Many in the field of health care with a special emphasis on care for the elderly predict that Alzheimer's disease and other dementias will be more prevalent in an aging society, that within the next fifteen years the number of those with dementia will double, with up to 1.5 million Canadian sufferers. With no cure in sight, let alone ameliorating protocol to prolong the quality of life, Dr. Knoefel and others in the field begin to think in unexplored directions.
"Maybe we just need to think differently about the brain. I'm not as fast as I was in my 20s. I know I can't run the 100 metres in ten seconds for the rest of my life. Why do I expect my brain to do that? Why can't we just say, 'Hey, this is good news. We're living longer, but you know what? When you get out to that end, we're going to have to think about how we take care of ourselves differently."
We're going to have to think differently about how we design our spaces so that people who need more clues about where they are, are given that chance. Rather than think of it as the 'war on Alzheimer's', we need to say, 'This is a reality. How do we live with that? How do we minimize its impact'?"
So at the Bruyere, where quality of life linked to palliative care is the goal, research has been launched on how to make homes 'smarter', with perhaps an additional set of 'eyes and ears' to remove a portion of the burden from the caregiver. For example, if the sound of an Alzheimer's patient rising from bed, approaching a kitchen stove or a front door is heard, have a voice recording speaking familiarly to the person: "It could send a voice message; 'Honey, why don't you come back to bed'; like a substitute spouse."

At the Acute Care of the Elderly unit of the Queensway Carleton Hospital, rooms are colour-coded for the ease of visual hints when a confused patient attempts to find their way around, back to their room. Flooring is uniformly the same light colour, as those with dementia feel more comfortable with a light floor, misinterpreting dark areas for holes they could stumble through. Dark flooring as a consequence is used where patients are excluded from wandering.

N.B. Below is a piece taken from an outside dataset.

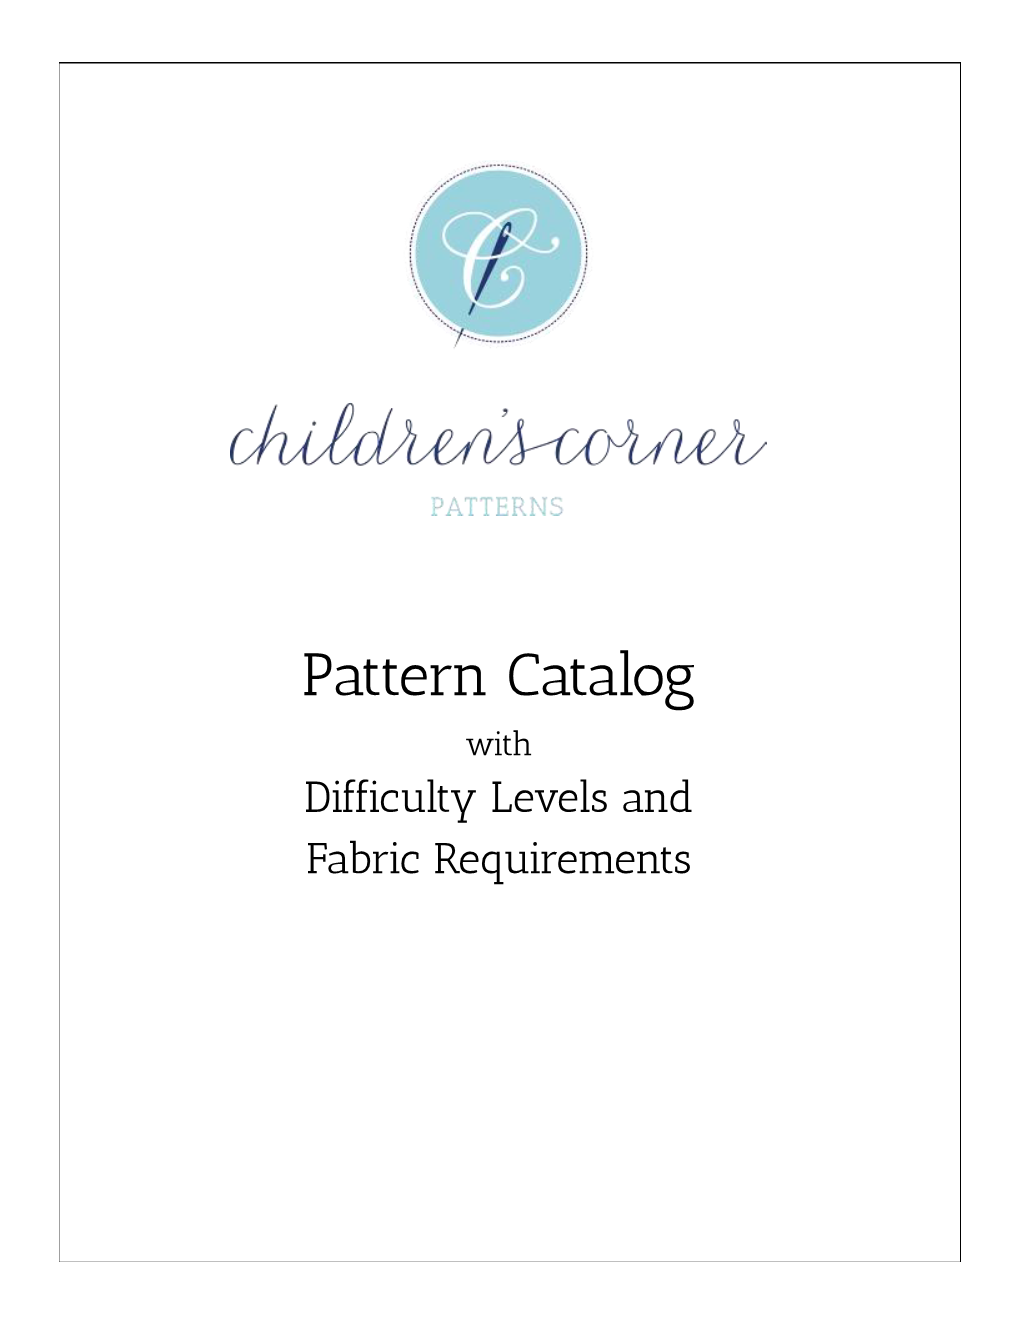 Pattern Catalog with Difficulty Levels and Fabric Requirements

The Alzheimer's Society has a host of coping strategies, such as painting or wallpapering doors to give them less of an appearance of being a door, of moving the locks on doors to make them less accessible, to placing hats and coats out of direct sight so no reminder of exiting the house can be triggered. Furniture arranged differently, to alter the movement flow in a room, away from exits. iPhones programmed to track a person; GPS devices worn like a wristwatch.
Unfortunately, there is no vaccine against dementia. Yet lifestyle and other factors play a role in the risk of developing a disease that may cause dementia. So, healthy lifestyle choices regarding diet, nutrition...exercise is recommended.